Task description> Print exactly the lines that run from the one containing "Νοτίου Αιγαίου, δεν" to the final line of the data, both included, and print none of the pictures.
:: Source data ::
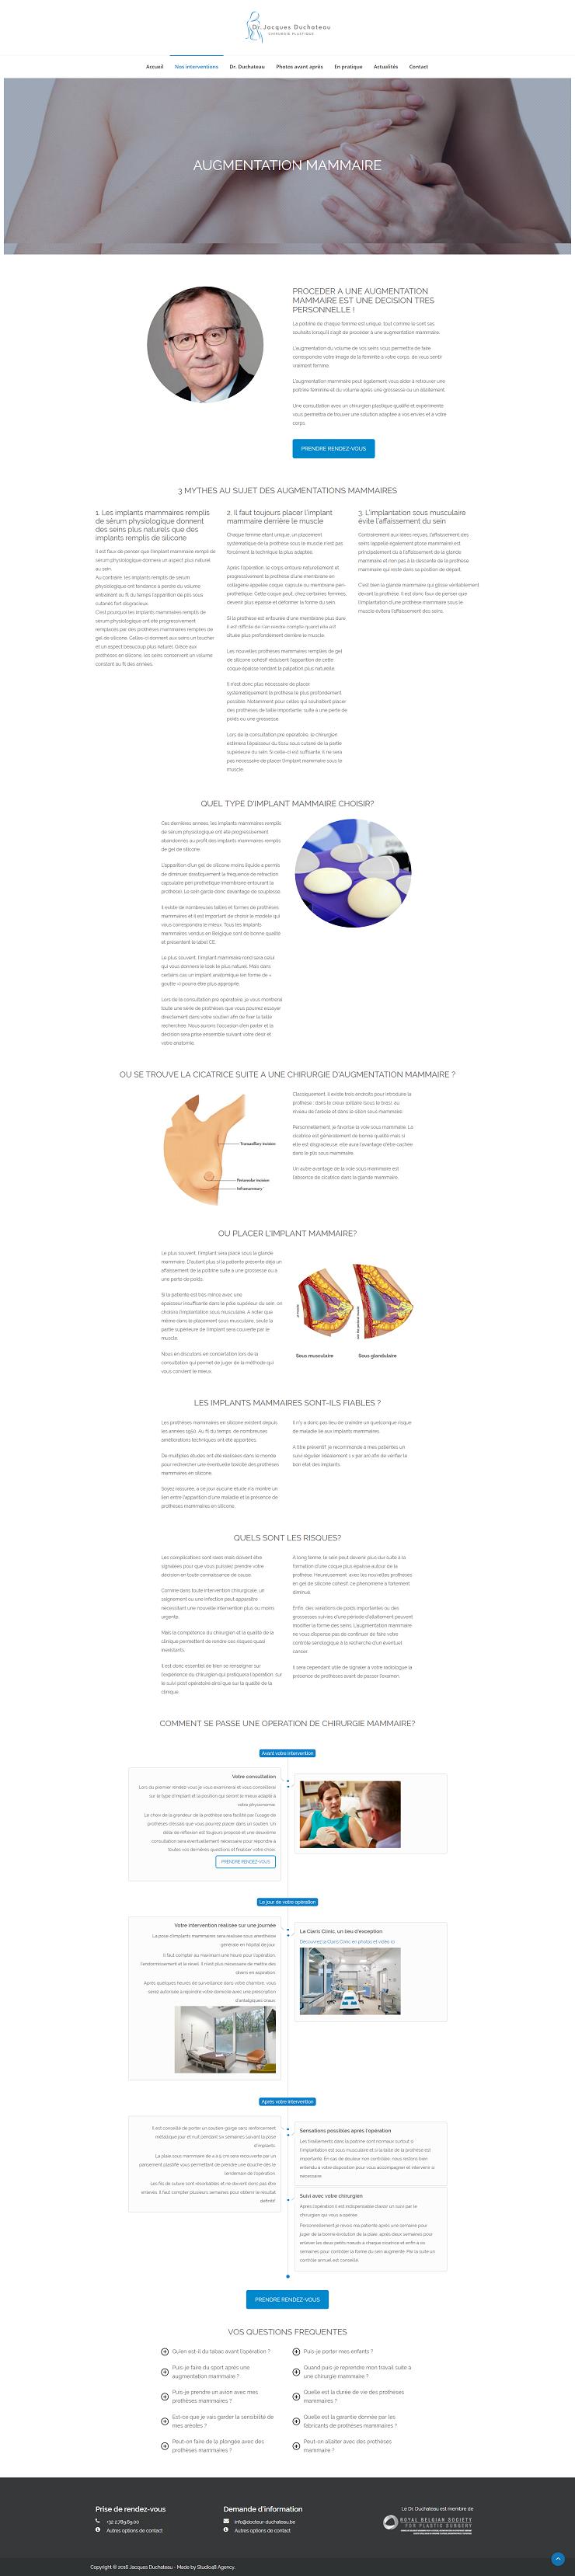 screenshot-docteur-duchateau.be-augmentation-mammaire
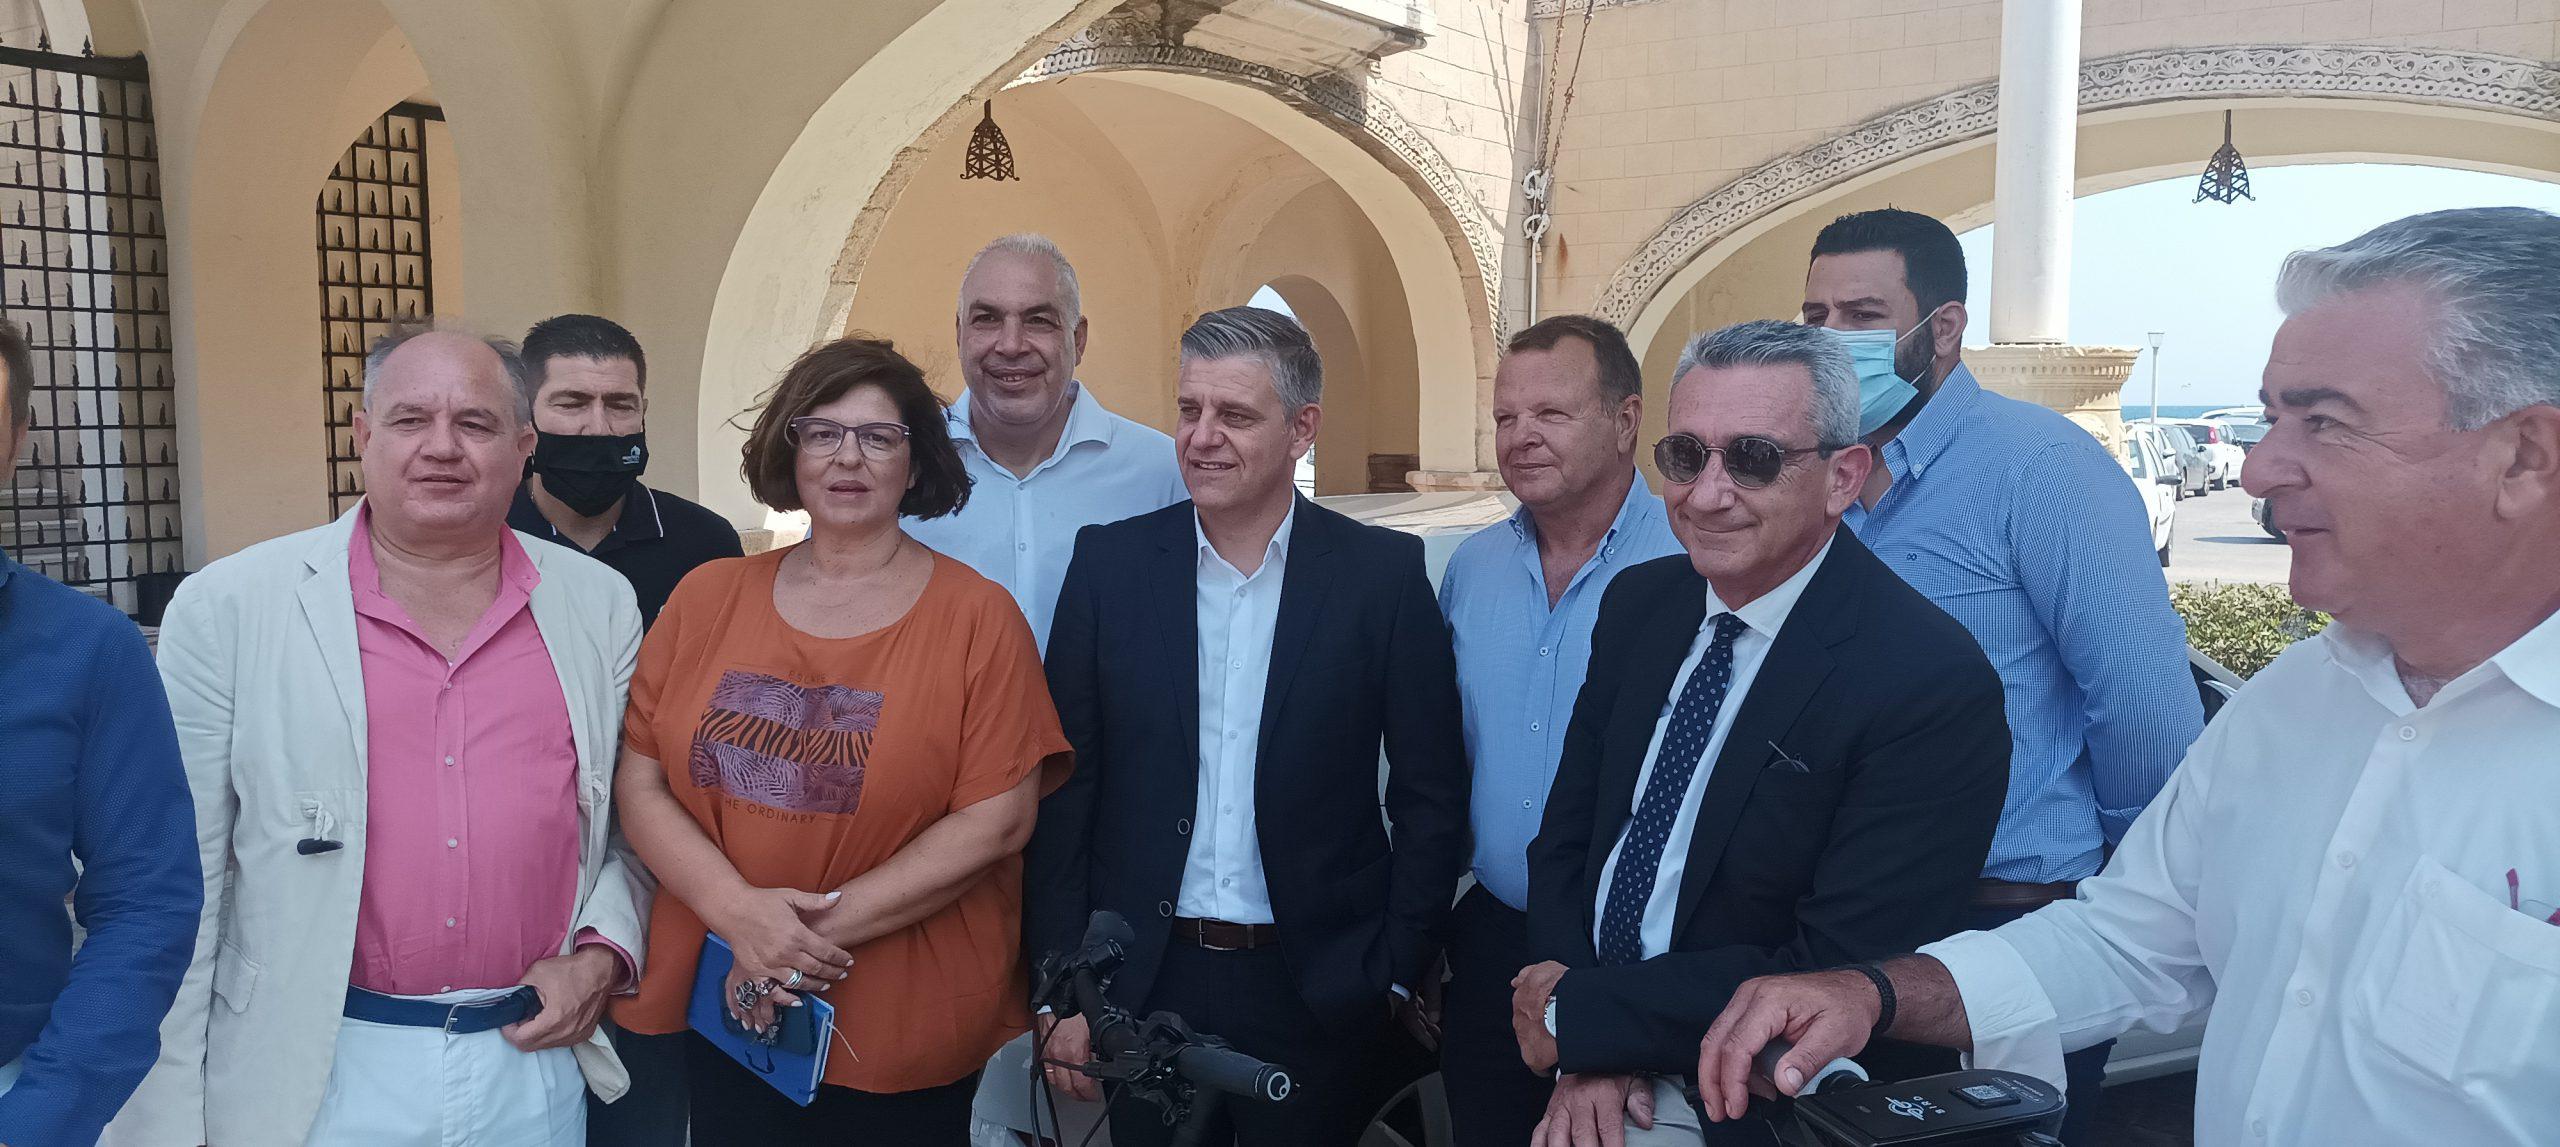 video Γιώργος Χατζημάρκος: «Στην Περιφέρεια Νοτίου Αιγαίου, δεν είμαστε απαθείς θεατές. Έχουμε επιλέξει να είμαστε διαμορφωτές των εξελίξεων»
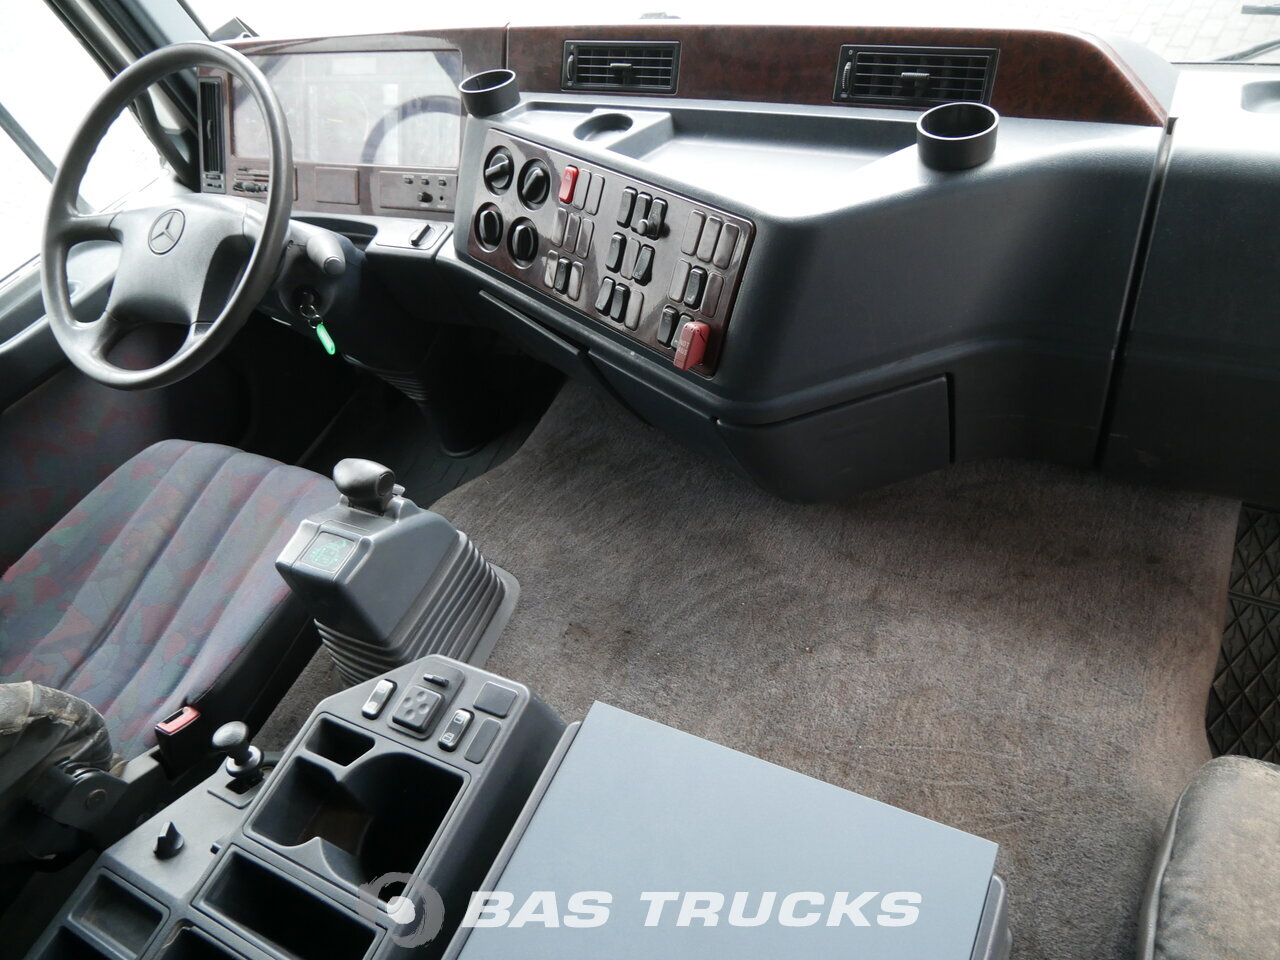 foto de Usado Camiones Mercedes Actros 2543 L 6X2 1999
:::
Task solution>
 video Γιώργος Χατζημάρκος: «Στην Περιφέρεια Νοτίου Αιγαίου, δεν είμαστε απαθείς θεατές. Έχουμε επιλέξει να είμαστε διαμορφωτές των εξελίξεων»
 foto de Usado Camiones Mercedes Actros 2543 L 6X2 1999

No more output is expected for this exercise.